The matrix $P$ is a stochastic matrix: it satisfies $\mathbf 1^{\mathsf T}P = \mathbf 1^{\mathsf T}$. (In other words, the total number of coins does not change after the operation described in the problem.)

There are a couple of different ways to think about the problem of distribution of coins more abstractly:

  1. Via Markov chains. A random walk on the graph in the problem, where from each vertex we choose a uniformly random neighbor to go to, is described by the same system of equations: if the probability distribution is $\mathbf x$ at one time step, it is $P\mathbf x$ at the next time step. The system $P\mathbf x = \mathbf x$ describes a stationary distribution of the Markov chain. With the condition that $\mathbf x$ is nonnegative and its components sum to $1$, when the graph is connected, there is a unique stationary distribution.
  2. Using the Perron–Frobenius theorem. (The matrix $P$ is nonnegative and irreducible, which once again comes back to the graph being connected.) The equation $\mathbf 1^{\mathsf T}P = \mathbf 1^{\mathsf T}$ tells us that $\mathbf 1$ is a left eigenvector with eigenvalue $1$ whose components are all positive, so $1$ is the Perron–Frobenius eigenvalue. Therefore there is a right eigenvector as well, satisfying $P\mathbf x = \mathbf x$, its components are also all positive, and it is unique up to scaling.

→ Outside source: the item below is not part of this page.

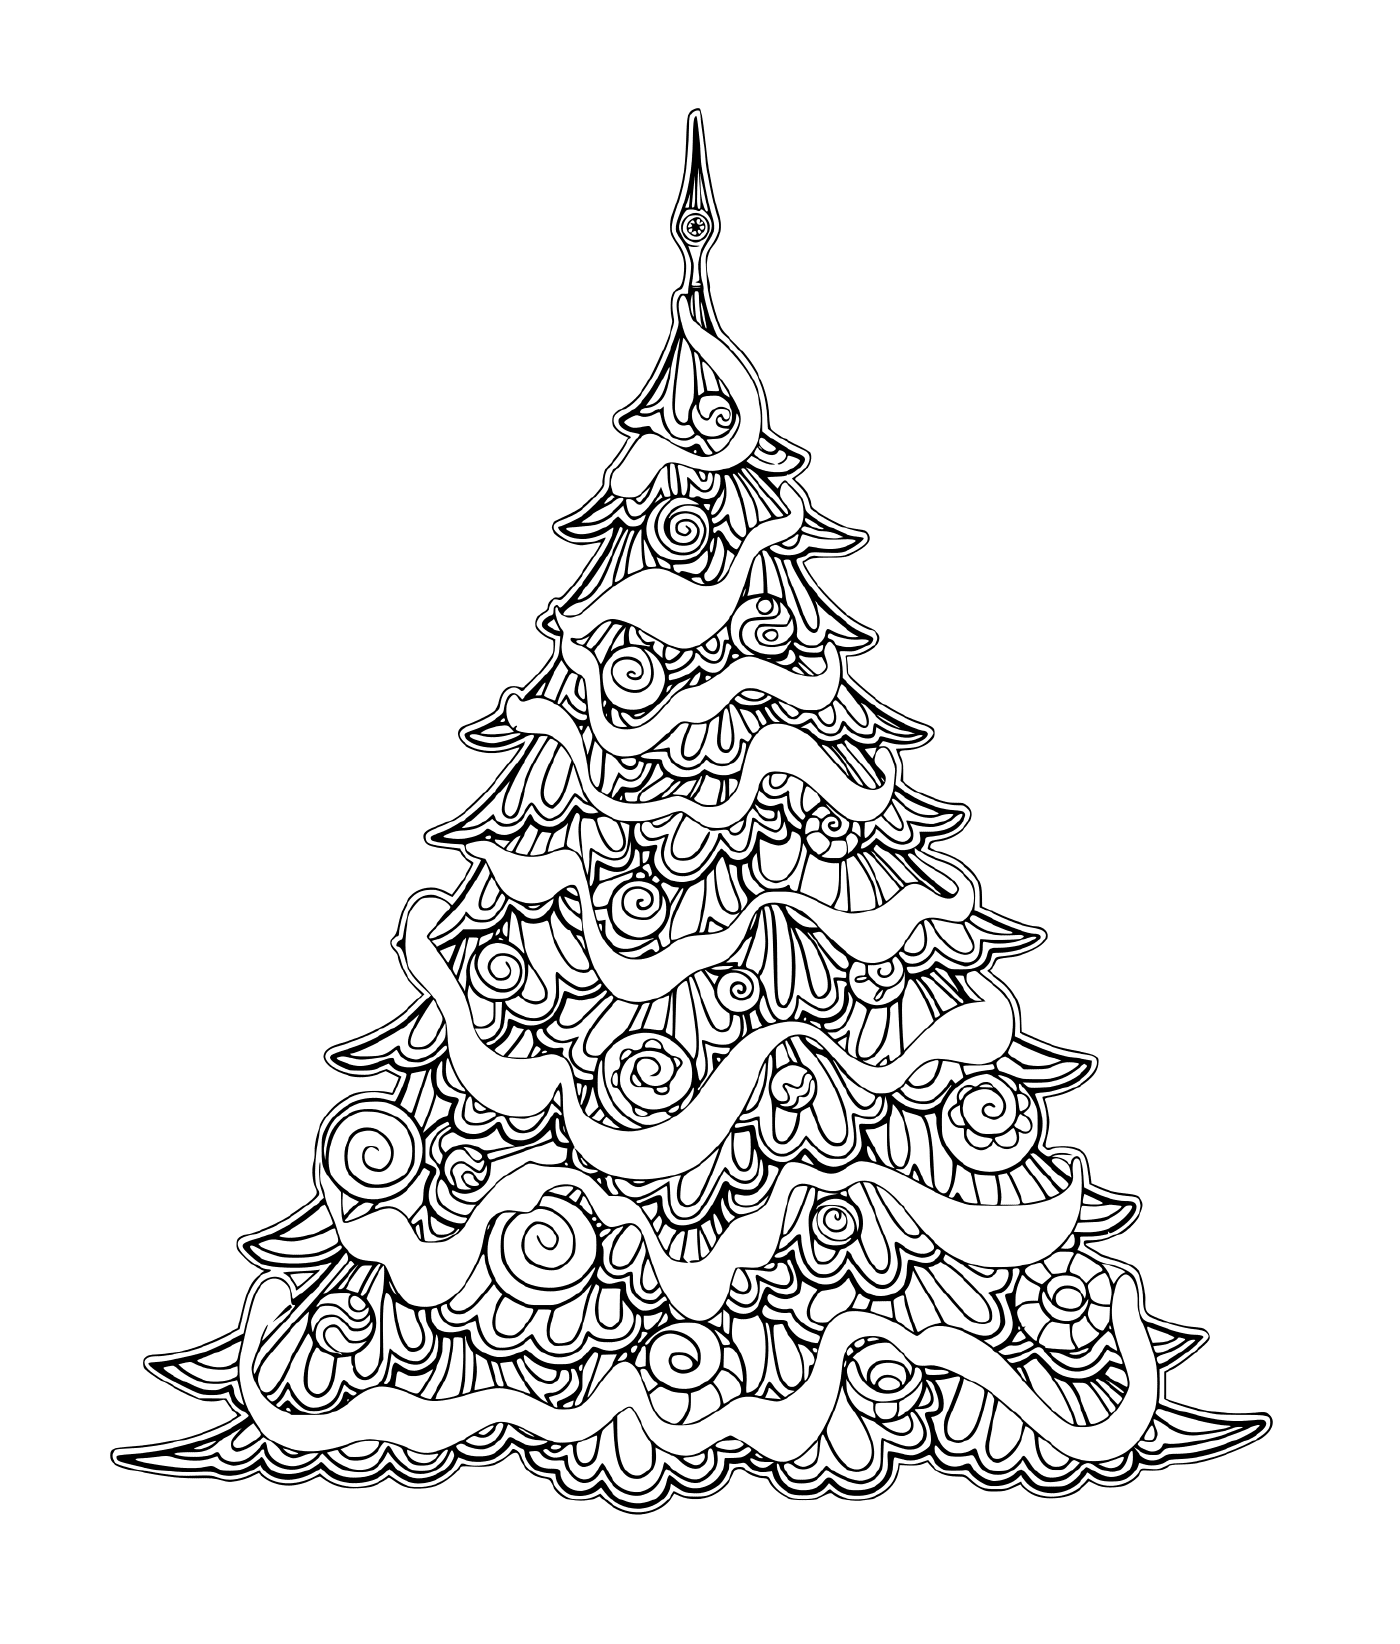  Lujoso árbol de Navidad con decoraciones 
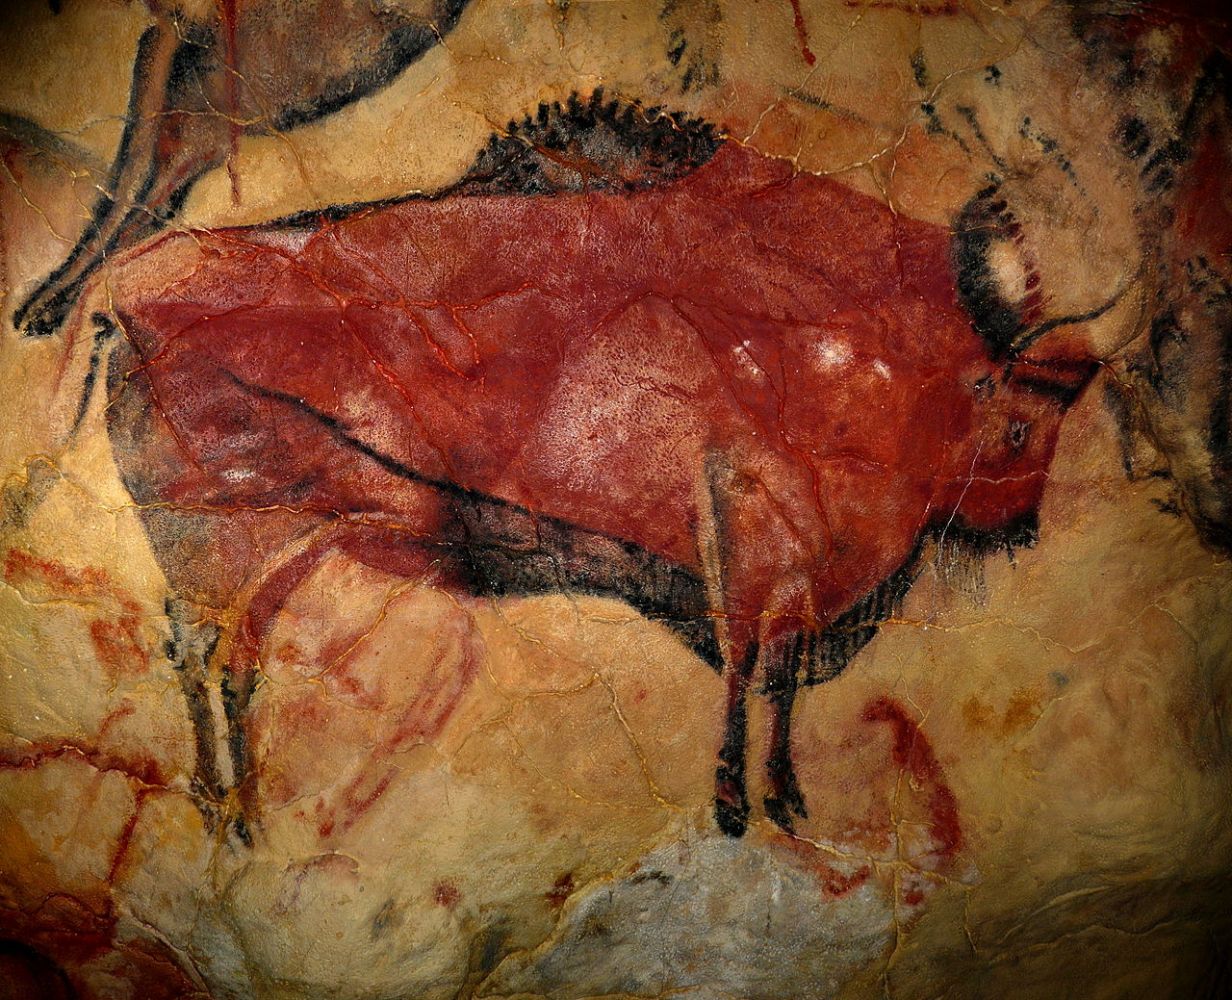 Abb. 4: Höhlenmalerei eines Bisons aus Altamira

In either case, we conclude that there is a unique good distribution of coins. It is the one we already found. And the theory of random walks has a final trick to help us along in case we did not find it:

  • When we take an unbiased random walk on a graph (i.e. every neighbor is always equally likely) the stationary distribution is obtained by letting every component of $\mathbf x$ be proportional to the degree of the corresponding vertex.

That exactly tells us that the vertices of degree $5$ get $5k$ coins, the vertices of degree $4$ get $4k$ coins, and the vertices of degree $3$ get $3k$ coins.